** SUPPLIED MATERIAL **
########

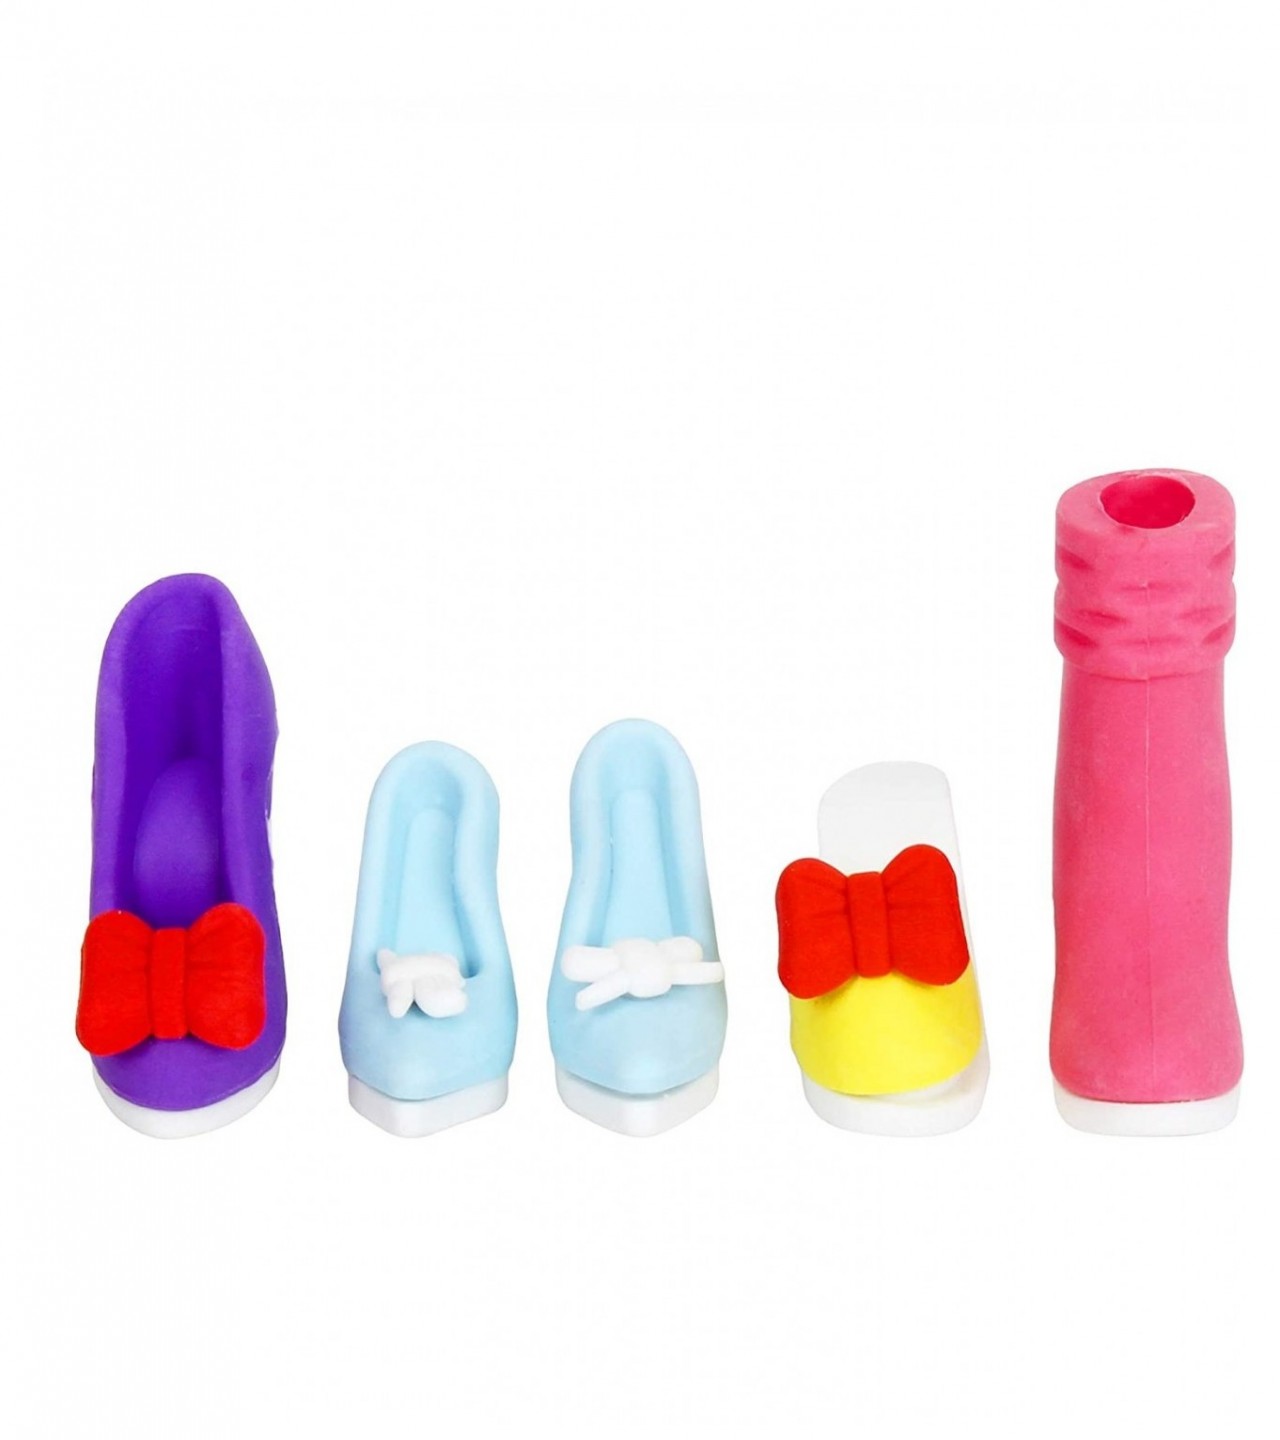 Girl Eraser Set for Kids School Student Gift Item Non PVC QH-8320
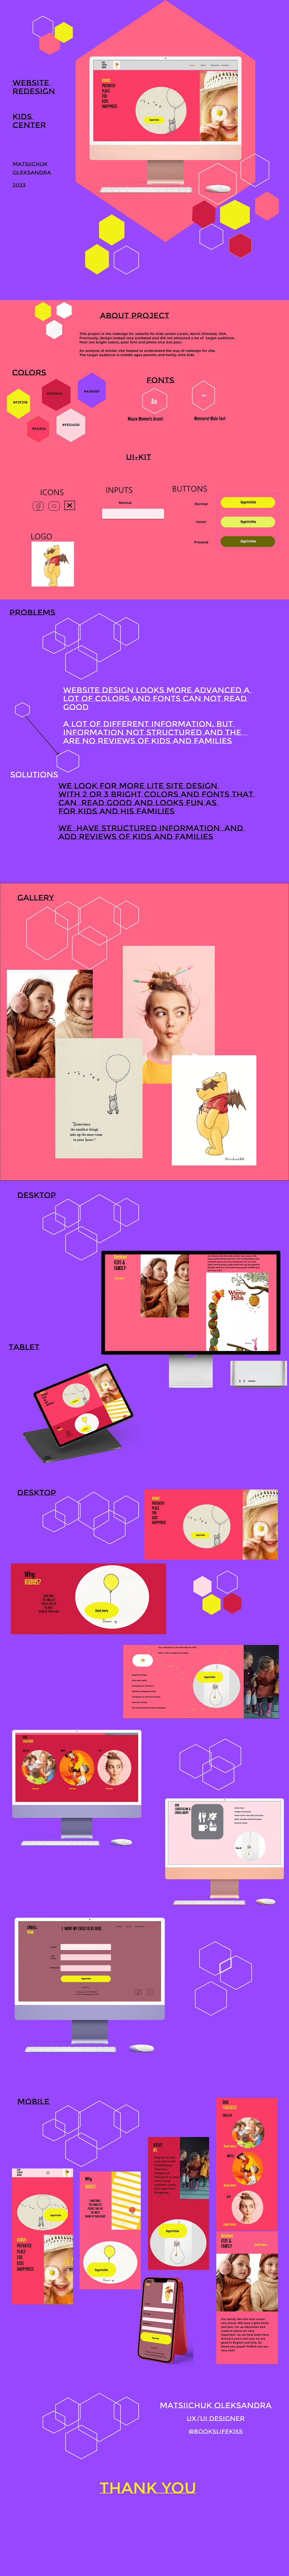 UX design UI/UX Website design kids web design uxdesign Webdesign user interface Mobile app
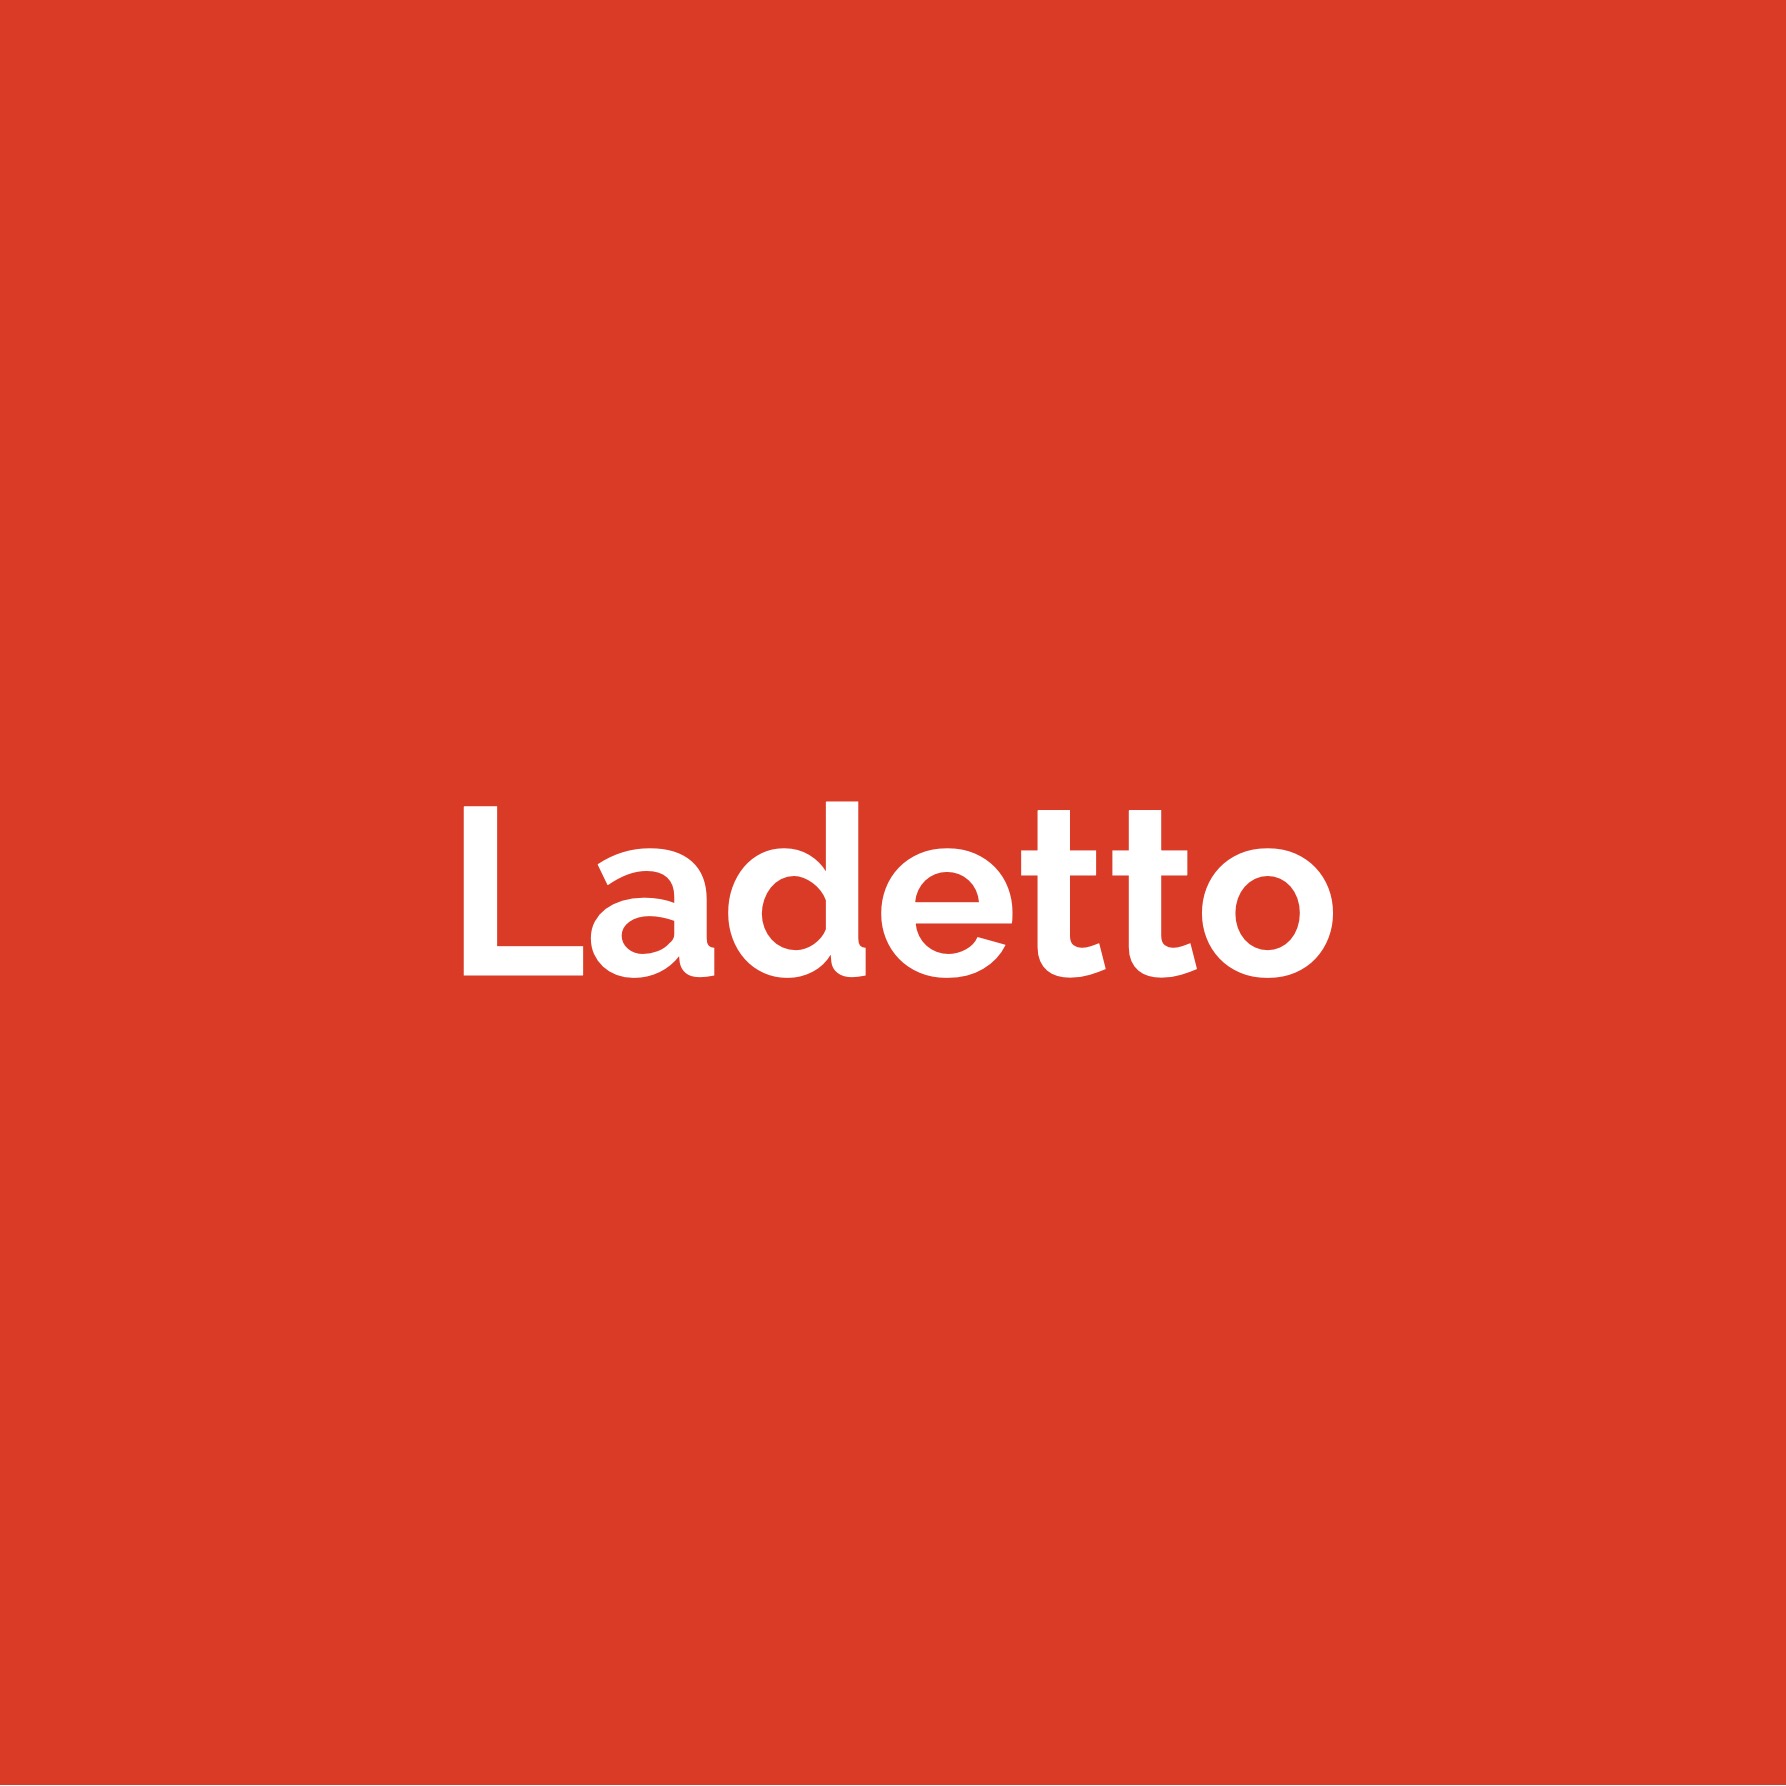 (c) Ladetto.ch
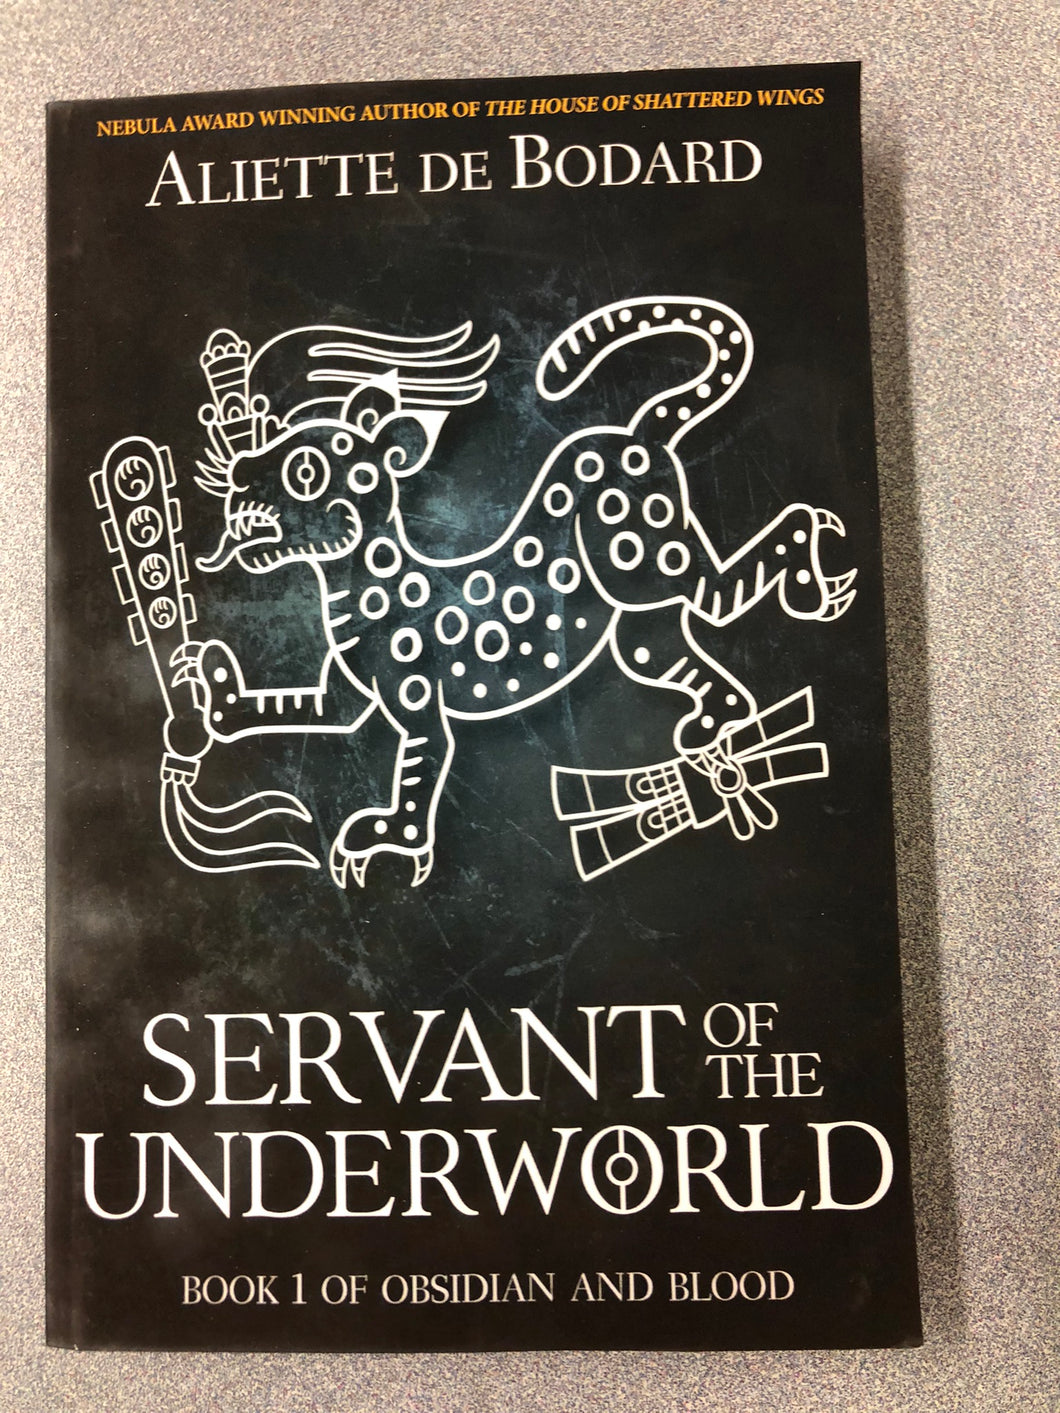 De Bodard, Aliette, Servant of the Underworld: Book 1 of Obsidian and Blood, [2010] SF 8/22

########

** TASK GOAL **
Reproduce the full listing above verbatim, with no pictures included.

** EXERCISE RESPONSE **
 Girl Eraser Set for Kids School Student Gift Item Non PVC QH-8320
 UX design UI/UX Website design kids web design uxdesign Webdesign user interface Mobile app
 (c) Ladetto.ch
 De Bodard, Aliette, Servant of the Underworld: Book 1 of Obsidian and Blood, [2010] SF 8/22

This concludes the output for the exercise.